=== Section Start ===
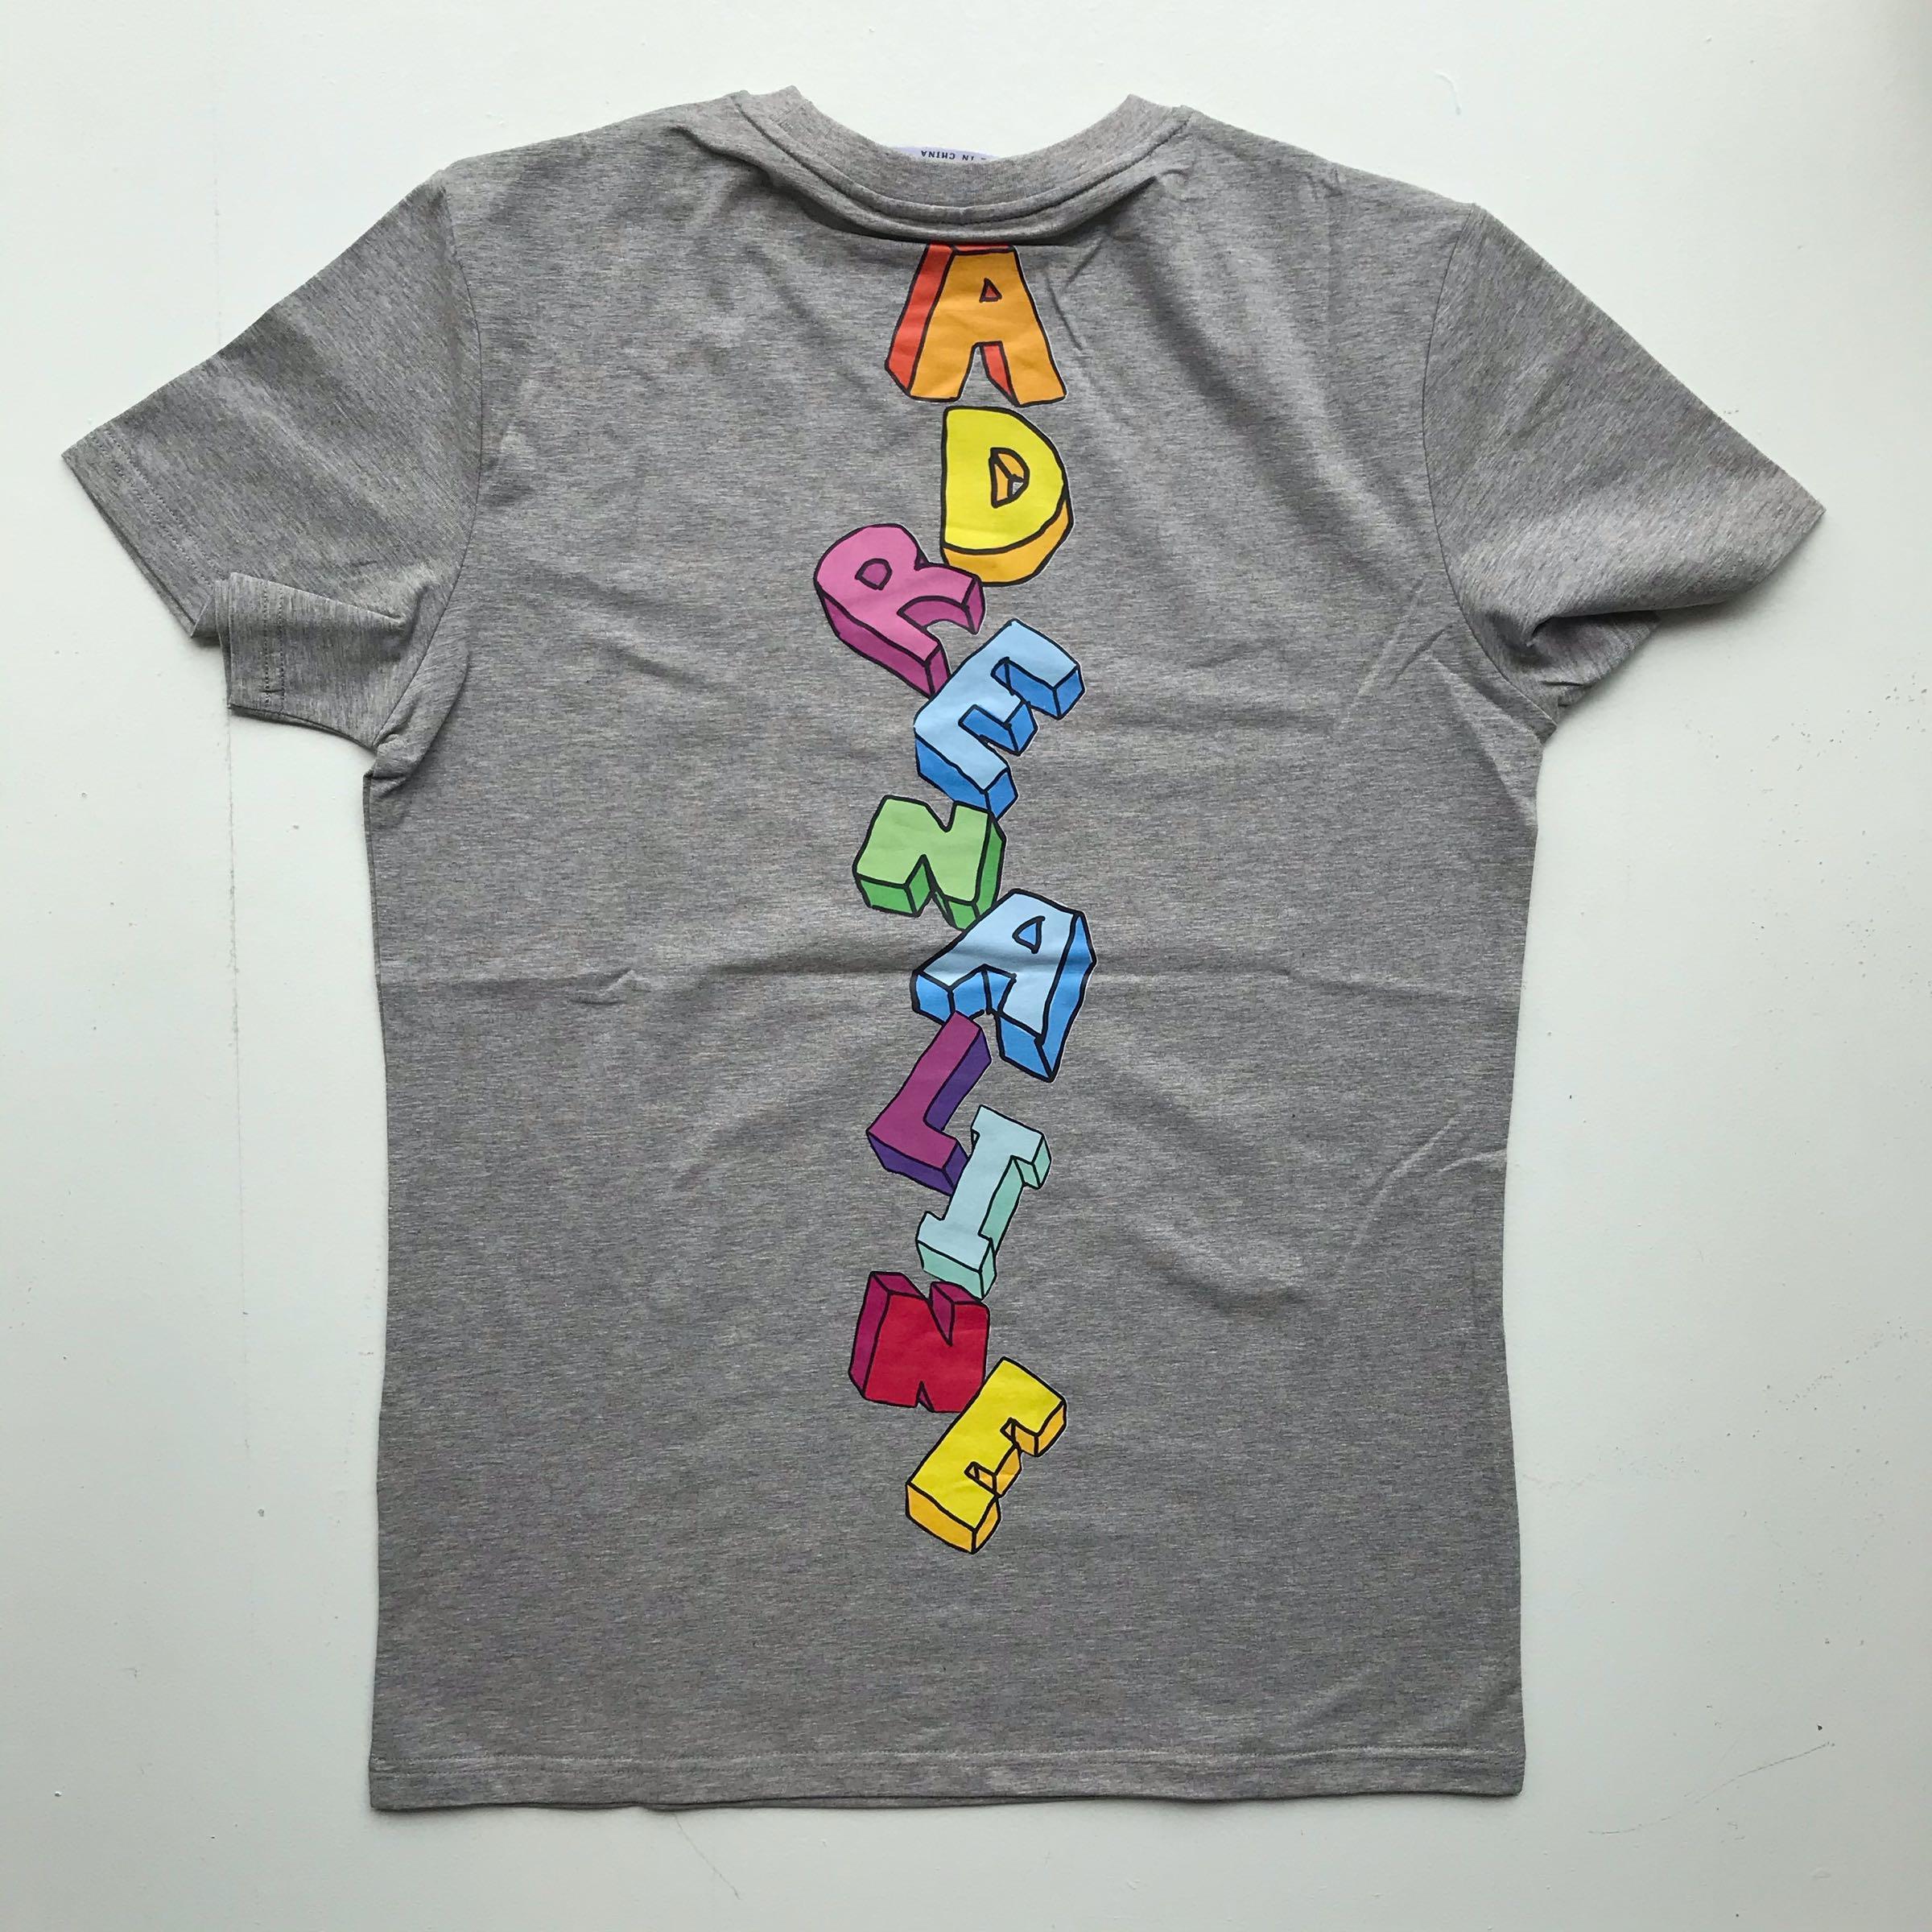 Adrenaline T-skjorte
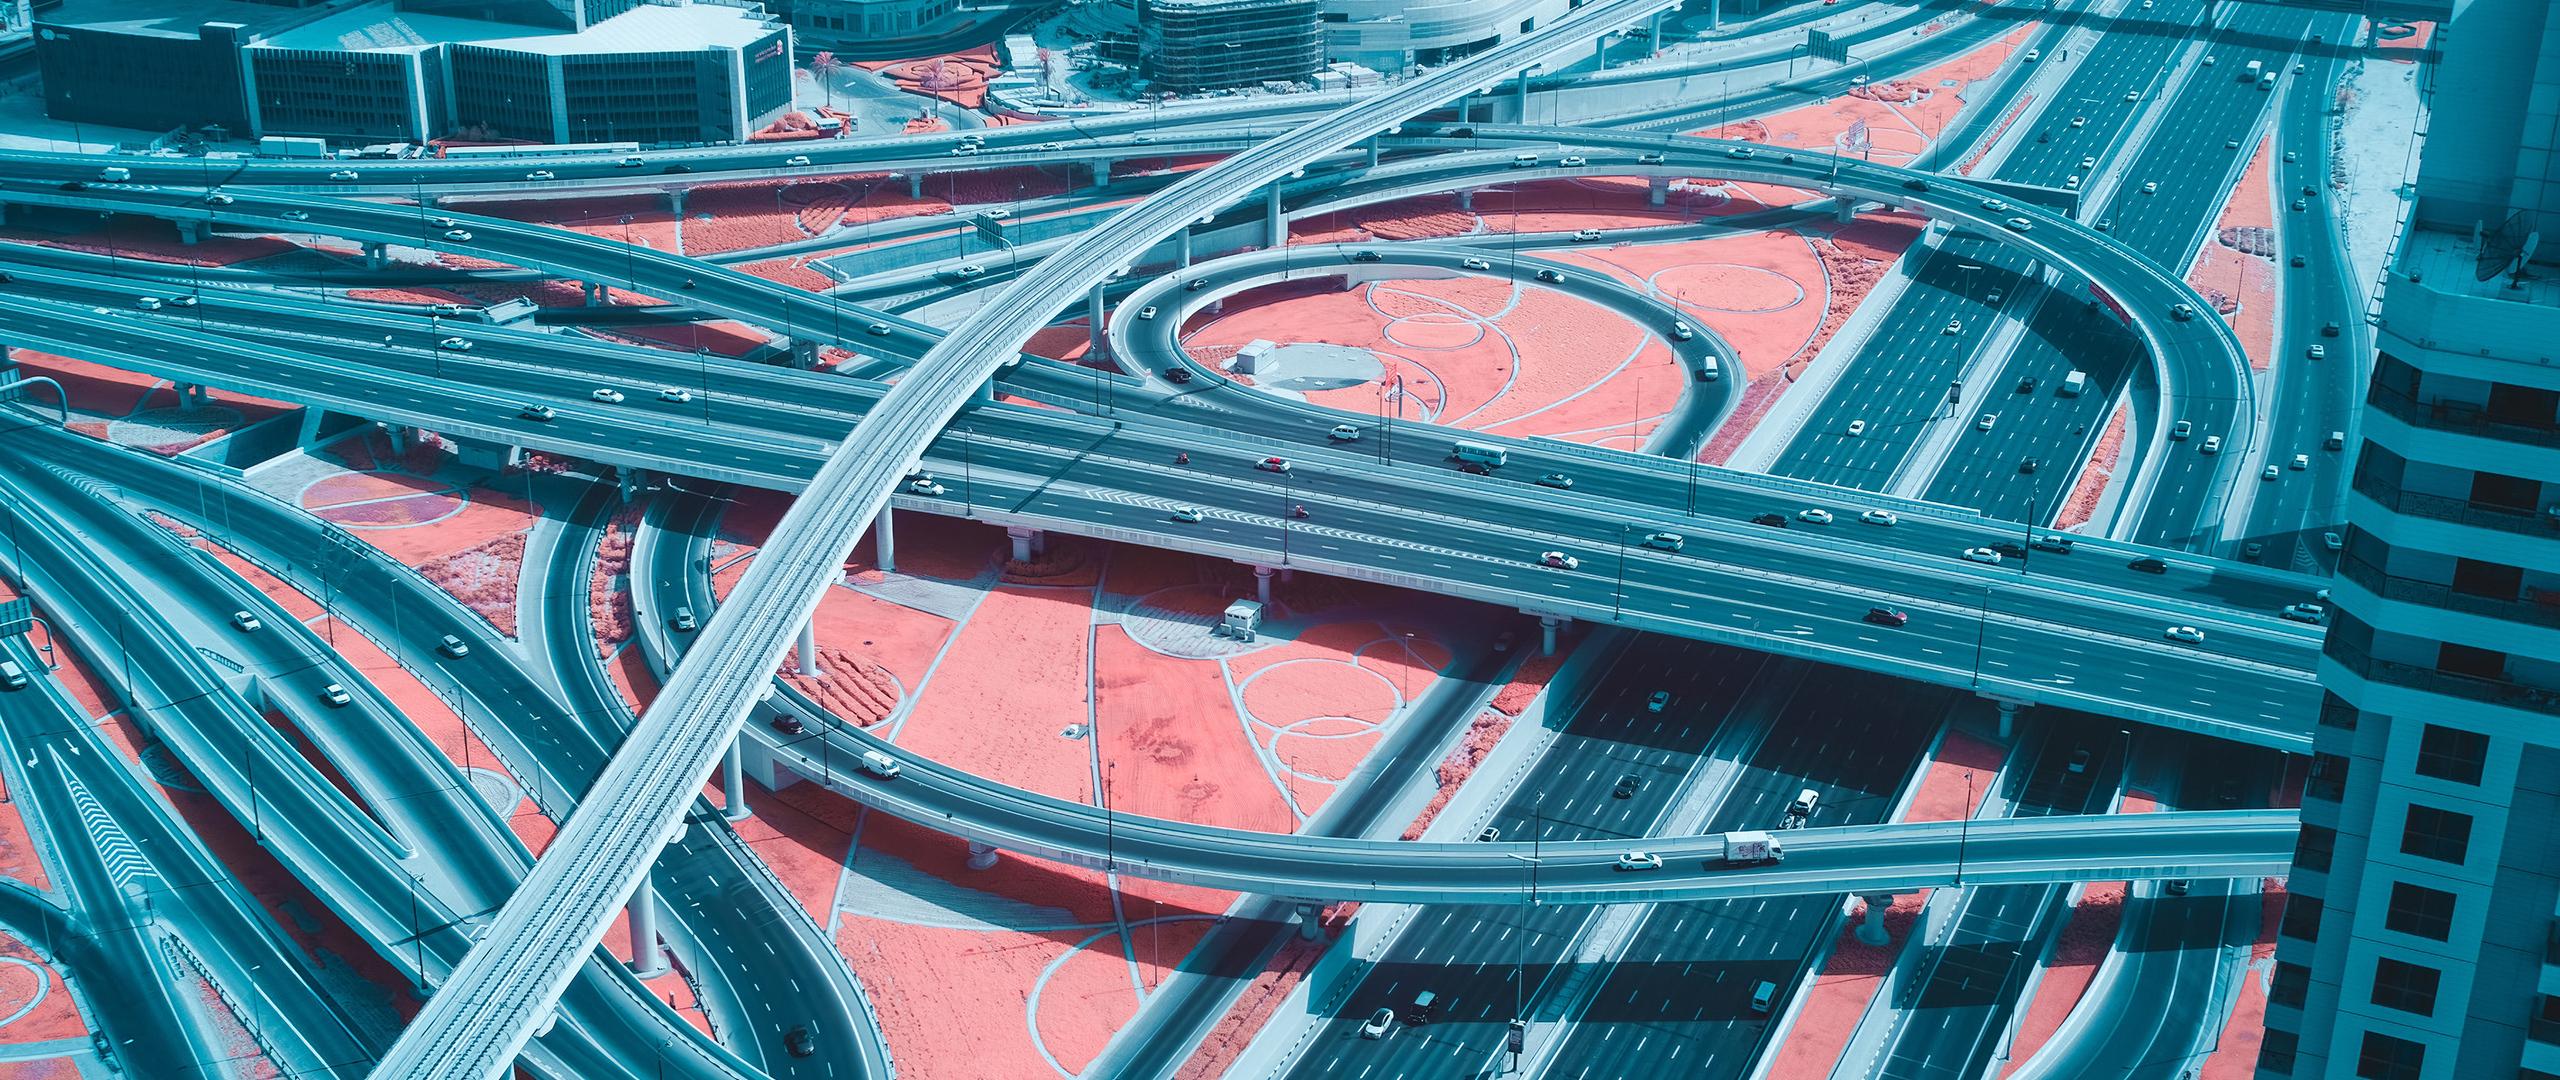 sheikh-zayed-road-highway-dubai-9w.jpg
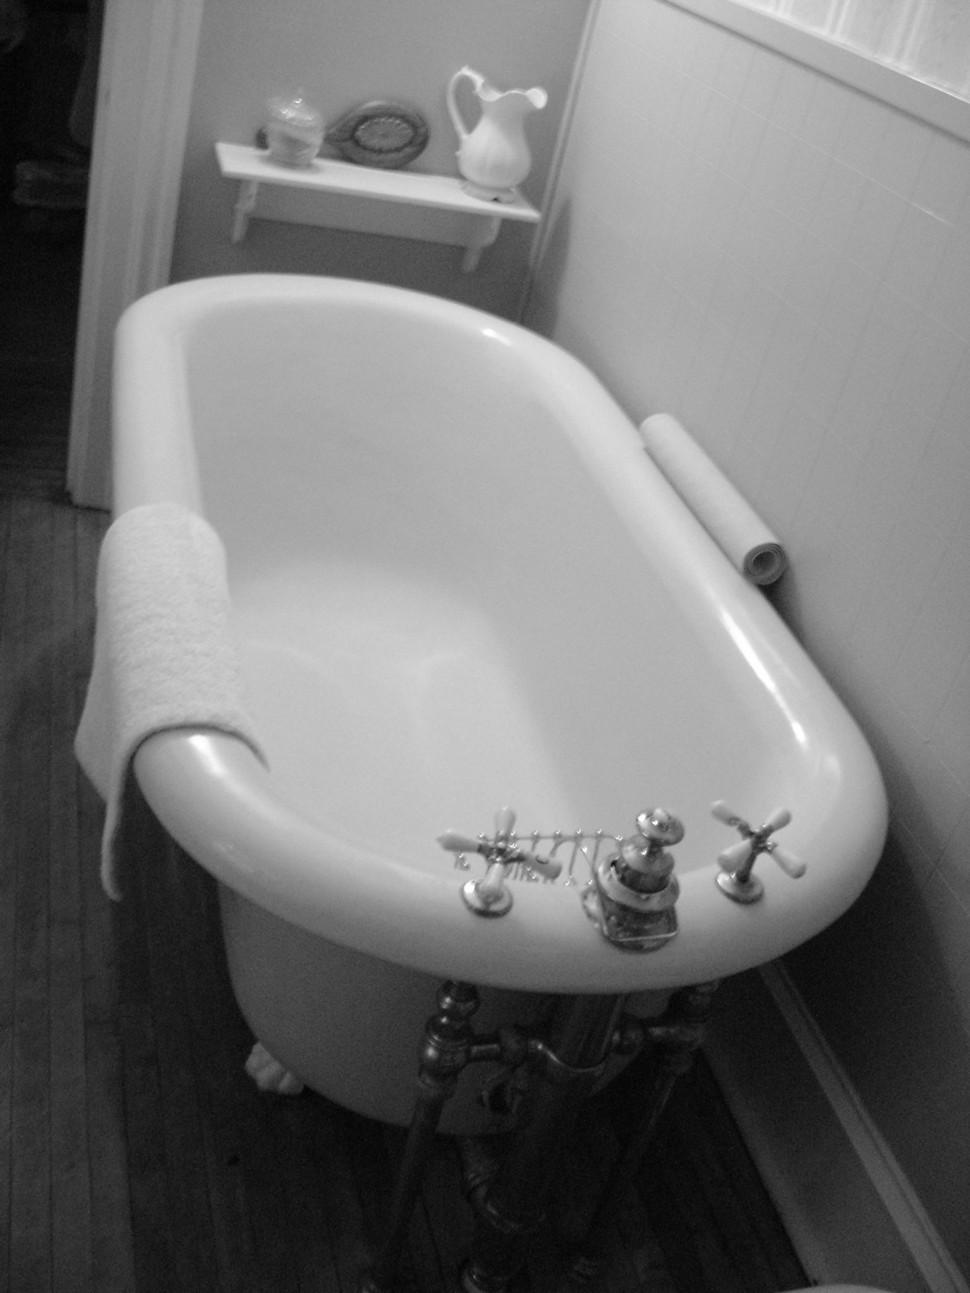 Nineteenth_century_bathtub_grayscale.jpg
=== Section End ===
## [TASK BRIEF]
Output all of the data word for word, excluding any pictures.

## [ANSWER FOR THE TASK]
 Adrenaline T-skjorte
 sheikh-zayed-road-highway-dubai-9w.jpg
 Nineteenth_century_bathtub_grayscale.jpg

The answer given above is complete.